A cross-section of the cochlea is shown at the right. The three sections are now seen. The cochlear canal is the one not labelled. Reissner's membrane separates the SV from the canal, while the basilar membrane and the tectorial membrane separate the ST from the canal, and enclose the sensory structure, the organ of Corti, which rests on the basilar membrane. A plan view of the basilar membrane is shown in the schematic diagram of the ear. We note that it is tapered oppositely to the taper of the cochlea. Helmholtz suggested that there were transverse ligaments supporting it, and they were more tightly stretched in the thinner part, more loosely in the wider part. This now seems not to be the case, but the natural frequency of vibration of the basilar membrane decreases from left to right, from about 8000 Hz to 250 Hz, whatever the structure of the membrane may be. The oscillations are about critically damped, with relaxation times of 50 to 150 ms.
The basilar membrane seems to perform one of the basic functions of the ear, the Fourier analysis of signals impressed on the oval window by the stapes. The delicate hair cells of the organ of Corti are supported on the basilar membrane, under the protection of the tectorial membrane, and detect vibrations excited in it. There are some 25 000 outer hair cells, each with 140 hairs, and 3500 inner hair cells, each with 40 hairs, approximately. There are two layers of hair cells, separated by the tunnel of Corti. Their signals then are passed to ganglion cells, whose axons comprise the aural nerve. As in the eye, there are many, many more hair cells than axons in the aural nerve, so coding must be present. The nerve then leads away through the bony shelf dividing the cochlea, to the brain. There is crossover in the aural nerve pathways, so both hemispheres of the brain receive information from both ears, again as in the case of the eyes. The organ of Corti is separated from the circulation of the blood, for otherwise the pulse would be deafening. The ear is much less complicated than the retina, and is much more easily investigated histologically. Nevertheless, its functioning is mysterious, and many questions remain.
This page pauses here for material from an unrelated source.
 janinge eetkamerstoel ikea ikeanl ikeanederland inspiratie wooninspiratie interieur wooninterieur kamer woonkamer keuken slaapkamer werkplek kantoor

The brain probably receives a Fourier transform of what has stimulated the ear, and develops its perceptions from there.
It was once the fashion to assume that the properties of the ear would determine all the peculiarities of hearing, or that every such peculiarity had a physical basis in the structure and functioning of the ear. The ear is surely important, since it is the intermediate between acoustic disturbances and the brain, but it is not everything. The eye is not a camera, presenting a finished picture to the brain, and neither is the ear a phonograph, presenting finished tone impressions to the brain. The ear only provides data; the mind interprets. For example, if two tones f and f' are simultaneously presented to the ear, the difference tone f - f' can sometimes be perceived. This difference tone could arise from nonlinearity in the ear, a physical cause, or could be created in the mind, in which case it would have no physical cause. It is very difficult to distinguish these two cases. Just as memory plays a great role in vision (in the identification of things seen) it may play a role in hearing, as well. However, in hearing the objects are identified as tones, not as objects, which is a great difference.
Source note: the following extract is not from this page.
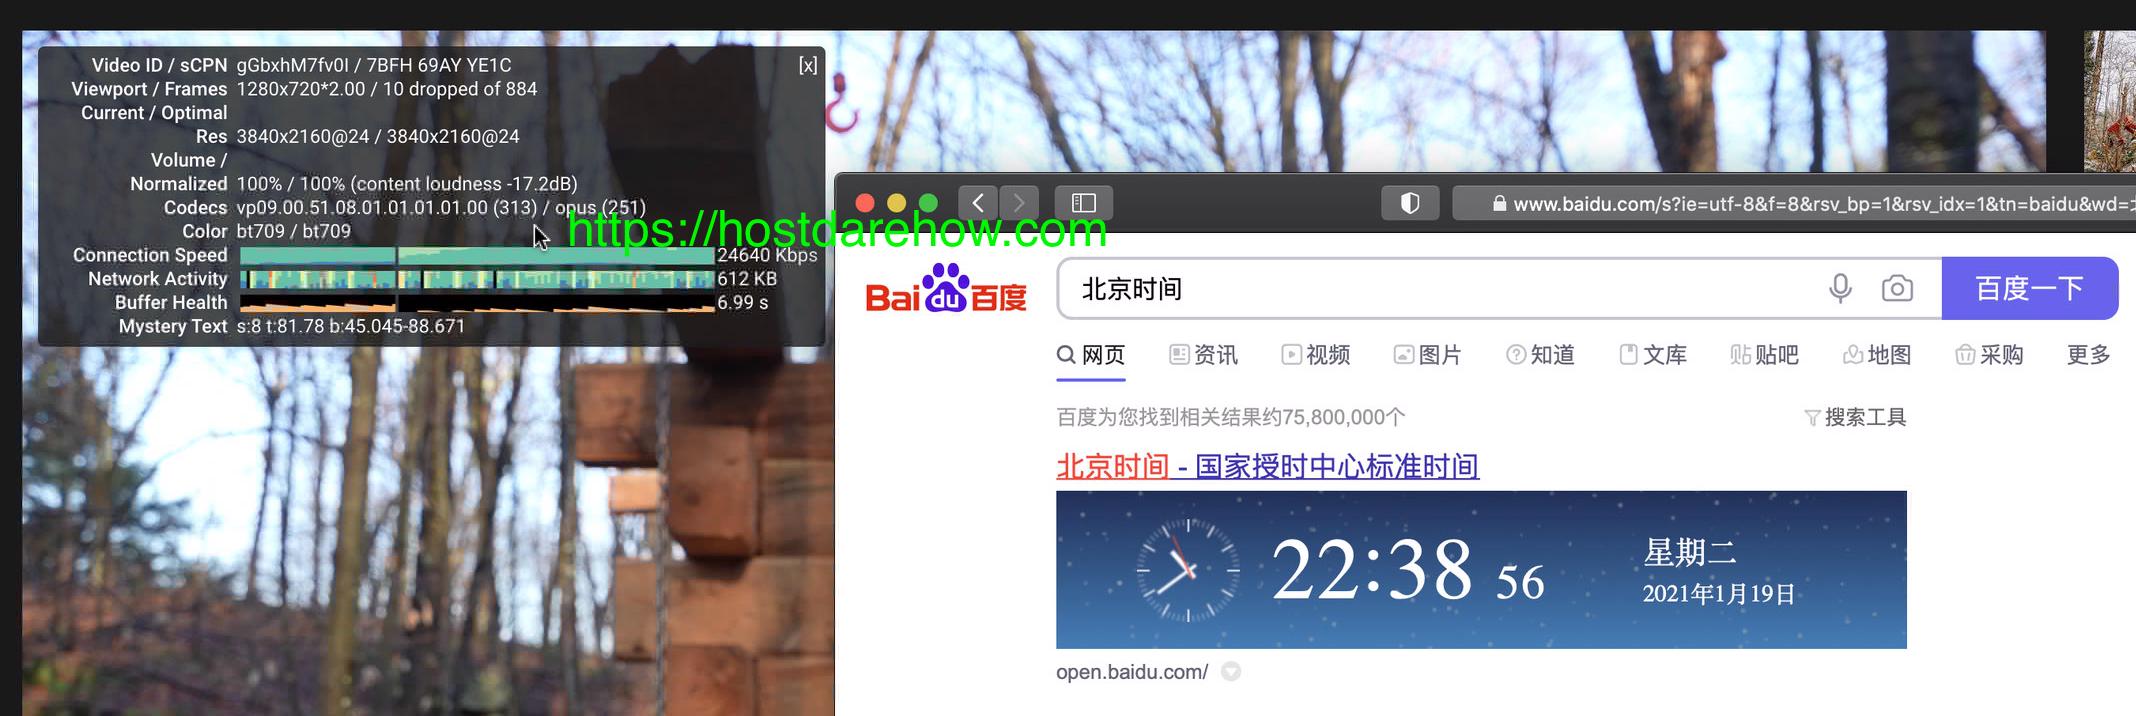 hostdare-cn2-gia-youtube-test

The physical stimulus of a sinusoidal acoustic wave, or simple tone, can be specified by two parameters, the frequency f in Hz and the overpressure amplitude p in dyne/cm2 or μbar. This stimulus plays an important role in hearing as a spectral color does in vision, but is more fundamental. Ohm's Law, stated by G. S. Ohm (1787-1854) in 1843, says that the audible sensation of a simple tone cannot be analyzed further, and any aural sensation is analyzed by the ear into simple tones. This is a far-reaching generalization that expresses a basic feature of the aural sense, that experiment proves to be valid. It was very well substantiated by Hermann von Helmholtz.
The phase differences between the partials in a complex sound do not influence its perception. The aural sense does not distinguish waveshapes, only the content of harmonics and partials. Curiously, phase differences between sounds received in the two ears are used for source location in binaural hearing. It should be recognized that phase differences are only significant between signals of exactly the same frequency; otherwise the phase is subject to continual change.
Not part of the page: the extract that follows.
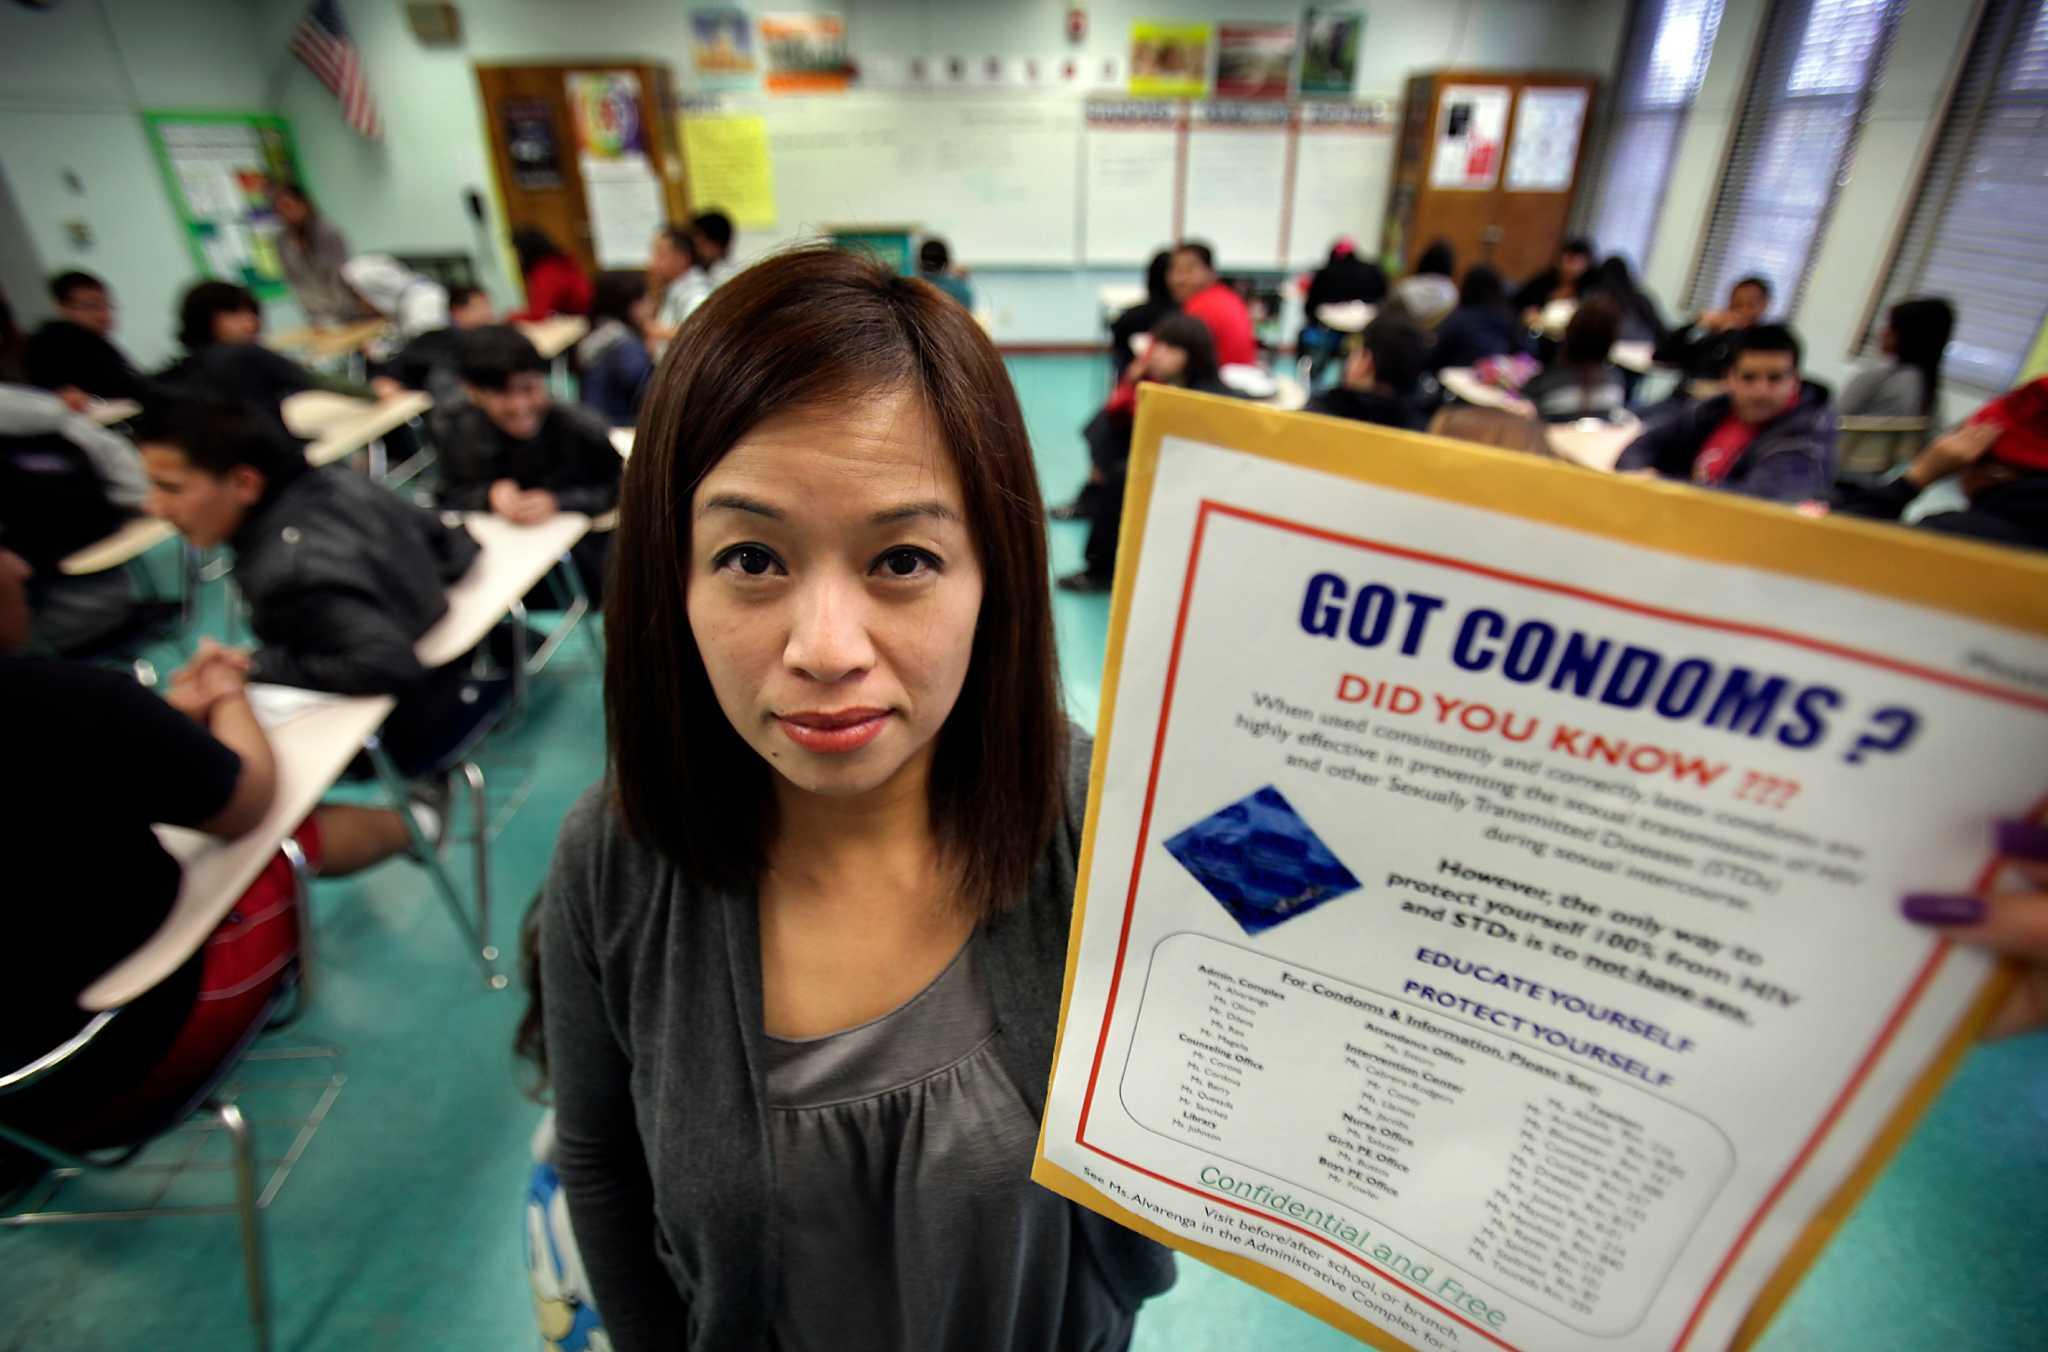 distribution of condoms in schools debate philippines

For a simple tone of any frequency f, sensation begins when the pressure reaches a level called the threshold of audibility. As the pressure is increased, the sensation becomes louder and louder until it becomes unpleasant and harsh at a level called the threshold of feeling. These thresholds are plotted in the diagram at the right. They intersect at a low frequency around 20 Hz, and again at a high frequency around 10,000 Hz, enclosing an area. This is only schematic, since it is difficult to determine the curves close to the frequency limits of audibility. Any point in this area corresponds to an aural sensation of a certain pitch and loudness. These curves vary with different ears, but this shows the general behavior. Some say there is aural sensation from as low as 16 Hz to as high as 28,000 Hz, but the limits are very difficult to determine. The lower limit, in particular, is subject to effects resulting from the large amplitude of vibration and possible nonlinearities. The threshold of hearing rises at higher frequencies for older people, significantly above 8000 Hz. A much smaller bandwidth of 100 Hz to 5000 Hz includes most speech and music, however, and few ears would notice restriction to this bandwidth.
The sensitivity of the ear is quite remarkable. The ultimate sensitivity, at 3500 Hz, appears to be around 8 x 10-5 μbar, rms. This corresponds to an energy flux of 1.55 x 10-17 W/cm2, a particle velocity of 2.74 x 10-6 cm/s, a condensation (Δρ/ρ) of 8.07 x 10-11, and a particle displacement of 1.25 x 10-10 cm, which is only 1.25 Å, about the diameter of a hydrogen atom! The ear is so sensitive that any further sensitivity would pick up the white noise of the molecular density fluctuations, or Brownian movment. The fact that we cannot hear as well as a cat is more a problem with paying attention than to lesser sensitivity. The extremes of pressure sensitivity of the ear, from 0.00008 μbar to 3000 μbar, is a ratio of 3.75 x 107, or 151 dB, an enormous dynamic range. Our senses handle such enormous dynamic ranges by logarithmic response.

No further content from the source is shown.